You still have 2 months left out for planning your income taxes for the year 2013-14. If you can plan properly with the available instruments for tax exemptions, you can save quite a lot of money from your Income tax.
Following are some of the options available for tax savings in the current year:
Utilize your Section 80c completely
You can claim most of your savings & investments under the Section 80(c). However you can claim a maximum of Rs. 1 lakh deductions based on all the investments/savings under this section. Try to completely utilize this 1 Lakh limit. Following are the items covered in this section:
- Provident Fund
- You can include your (employee’s) contributions to the PF in this segment and get the tax benefits for all of your contribution.
- Public Provident Fund
You can include your PPF contribution to get exempted from the income.
- Life insurance premium
Getting a life insurance cover is very important. You can buy online insurance plans and get the insurance premium deducted from your income. The word of advice is not go in for traditional insurance plans but rather choose Equity linked plans which will give better returns.
- Pension plans
Planning for your retirement is also very crucial. You can invest in the NPS (National Pension System) schemes tier I account. This investment can be exempted from the income tax.
- Equity Linked Saving Schemes of mutual funds
One can invest in the ELSS mutual funds and gain the tax exemption. However you should note that investment in this segment will be with equities and hence a pinch of risk is associated with this kind of investment. ELSS funds at the same time can offer good returns also.
- Infrastructure bonds
Investment by buying infrastructure bonds is also a good option for getting your investment exempt from the income tax. These bonds do give a decent amount of returns.
- National Savings Certificate</li>
Buying NSC is also a viable option now. You can now buy 5 years NSC which can give 8.5% interest per annum. Similarly 10 years NSC can give you an interest of 8.8% per annum.
However please note that a maximum of Rs. 1 Lakh can get exempted under Section 80 (c), including all the investment/savings options shown above.
Tax free bonds
Tax free bonds are also attracting investments from many individuals.
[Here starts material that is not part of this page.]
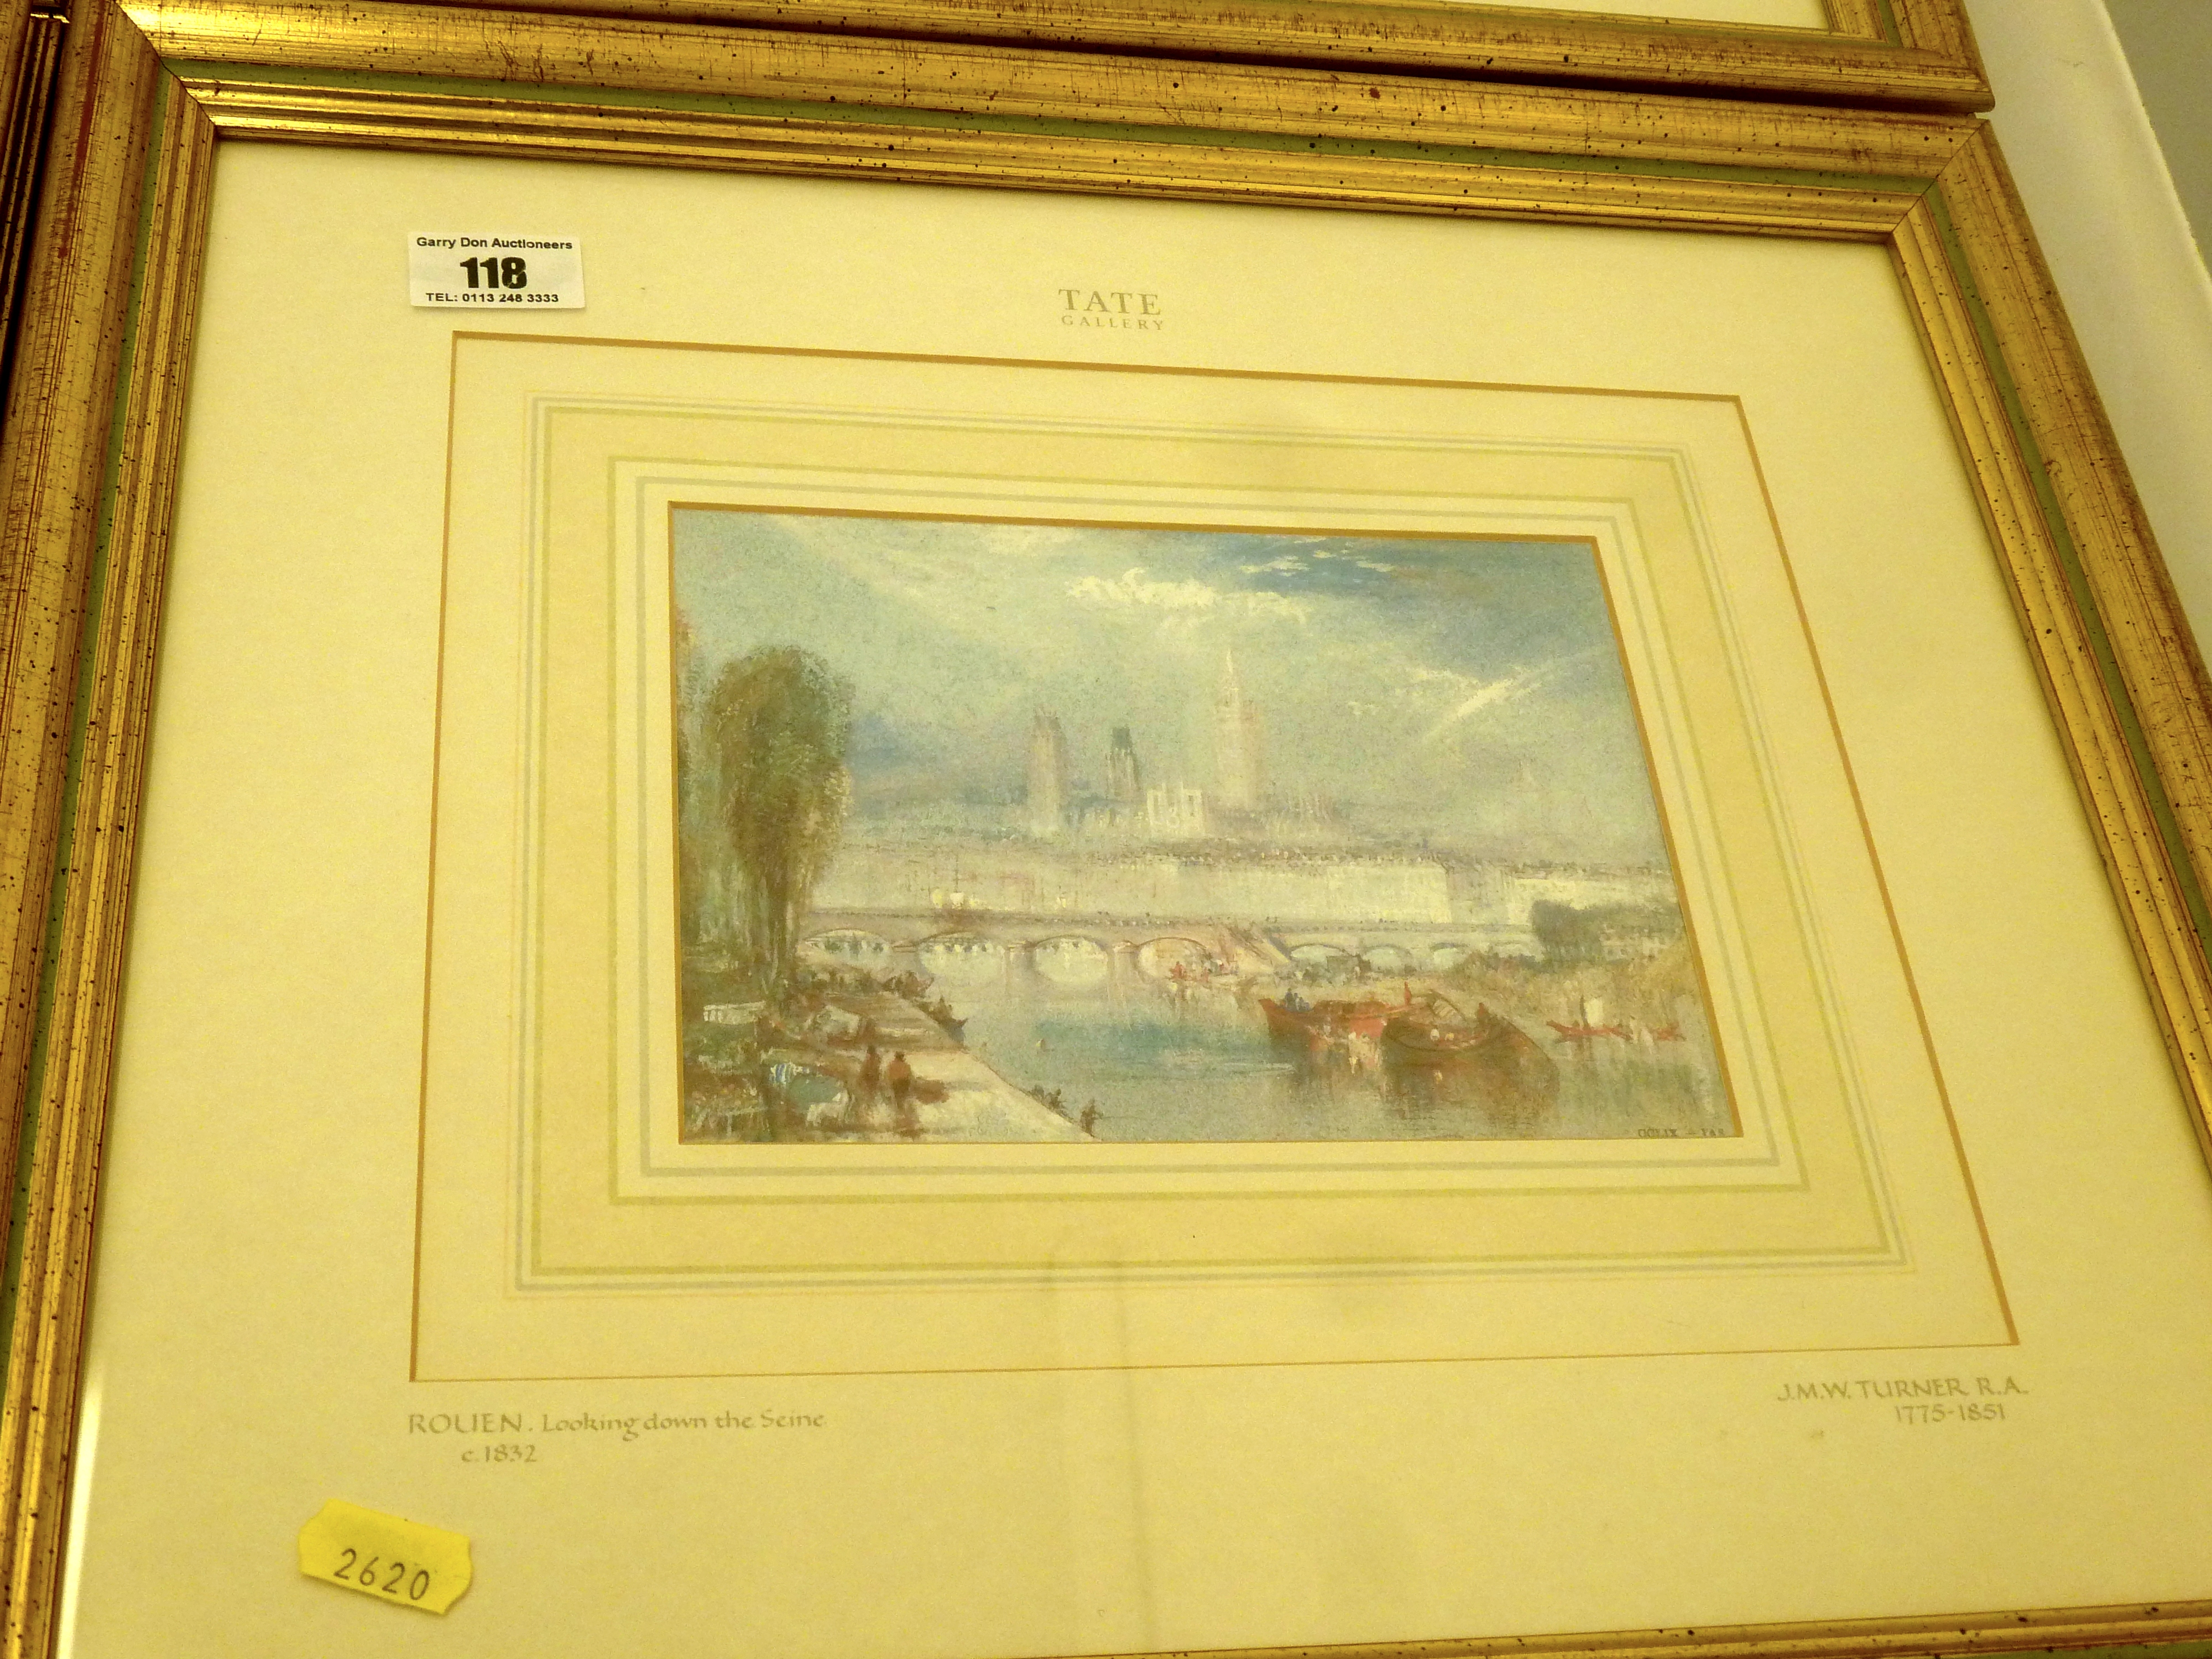 4 TATE GALLERY LIMITED EDITION J.M.W. TURNER 'WANDERINGS BY THE SEINE' PRINTS 908/5000 APPROX 5. - Image 2 of 9

With the tax-free bonds, the investor cannot claim exemptions under Section 80C. However all the interest earned out of these bonds are tax free.
Following are some of the Tax free bonds are available for investment currently:
|Scheme / Company||Coupon Rate||Maturity Date|
|INDIAN RAILWAY FINANCE CORP||8.10%||23-Feb-2027|
|NATIONAL HIGHWAYS AUTHORITY OF INDIA||8.30%||25-Jan-2027|
|HOUSING AND URBAN DEVELOPMENT CORP||8.20%||05-Mar-2027|
|POWER FINANCE CORP LIMITED||8.20%||01-Feb-2022|
Rajiv Gandhi Equity Savings Scheme or RGESS
If you have not invested in the stock market till now and plan to do it for the first time and if your annual income is less than 10 Lakhs, then you can get tax exemption under the Rajiv Gandhi Equity Savings Scheme or RGESS.
Under this scheme, new investors in the equity markets can get a tax exemption of Rs. 50,000.